At this stage, you can fix one-time errors of the previous one. For example, glued objects can be divided, given their history of movement. On the other hand, there may be problems. The most important of them is the intersection of 2 objects. A special case of this problem, when a larger object for a long time obscures a smaller one.
Objects for accounting in the background model
Feedback may be present in the architecture to improve the performance of previous steps. The first thing that comes to mind is to use information about objects in the scene when forming the background.
For example, this way you can distinguish a retarded object and not make it part of the background. Or fight with “ghosts”: if there was a person on the stage when creating the background, then when he leaves, an object “ghost” will appear in his place. Understanding that the trajectory of the object begins in this place, you can quickly remove the “ghost” in the background.
Result
The result of all stages is a list of objects in the scene. Each of them is characterized by size, density, speed, trajectory, direction of movement and other parameters.

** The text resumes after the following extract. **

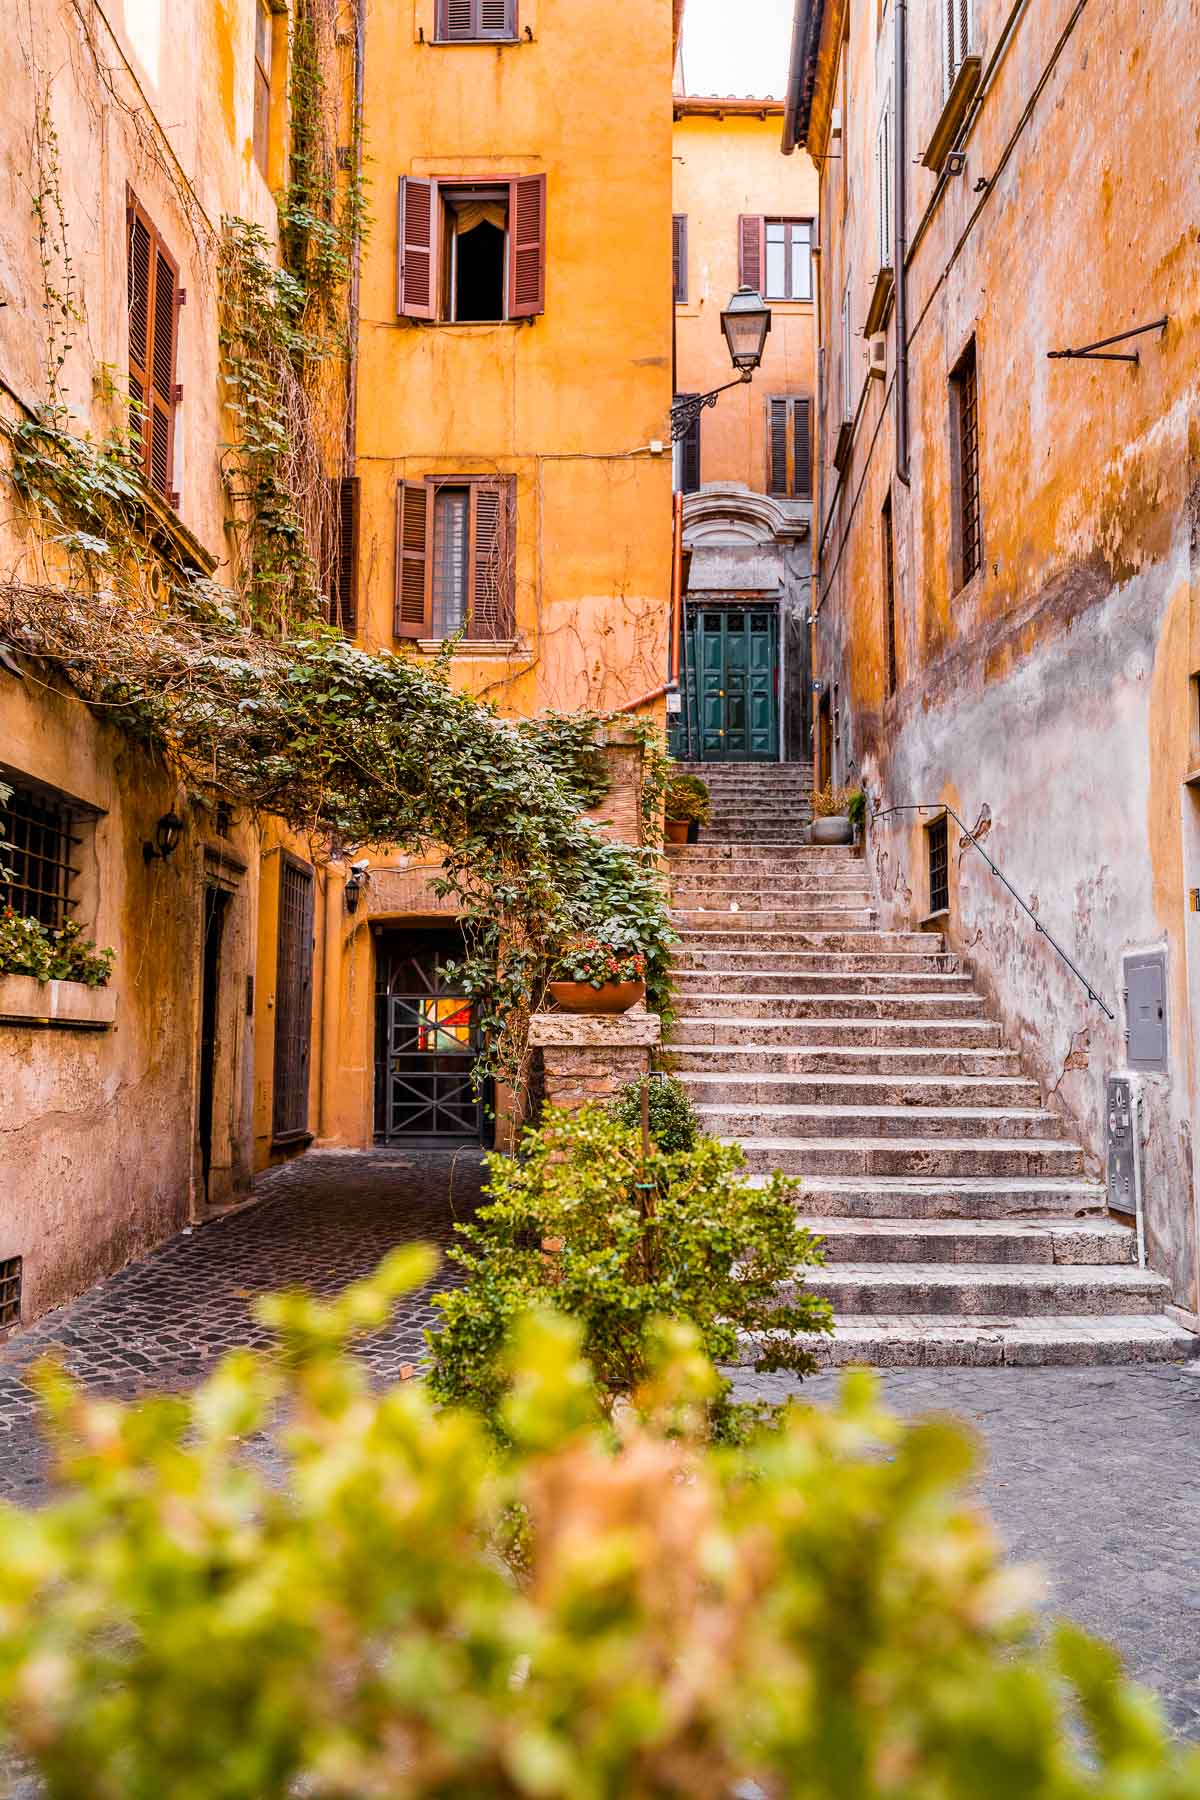 Picturesque corner in Via dei Coronari, Rome, Italy

This list is also used in scene analytics. You can determine if the object is crossing a line or moving in the wrong direction. You can count the number of objects in a given zone, idle reeling, falling and many other events.
Conclusion
Modern video analytics systems have achieved very good results, but so far they remain a complex multi-stage process. Moreover, knowledge of the theory does not always give a good practical result.
In my opinion, creating a good machine vision system is a very complicated process. Algorithm tuning is a very time-consuming and lengthy business, in which the subtleties of the software implementation also interfere. It takes a lot of experimentation. And, although OpenCV is priceless in this matter, it is not a guarantor of the result, because the tools that it contains must also be able to be used correctly.
I hope that this article will help you understand how it all works and what OpenCV tools can be applied at what stages.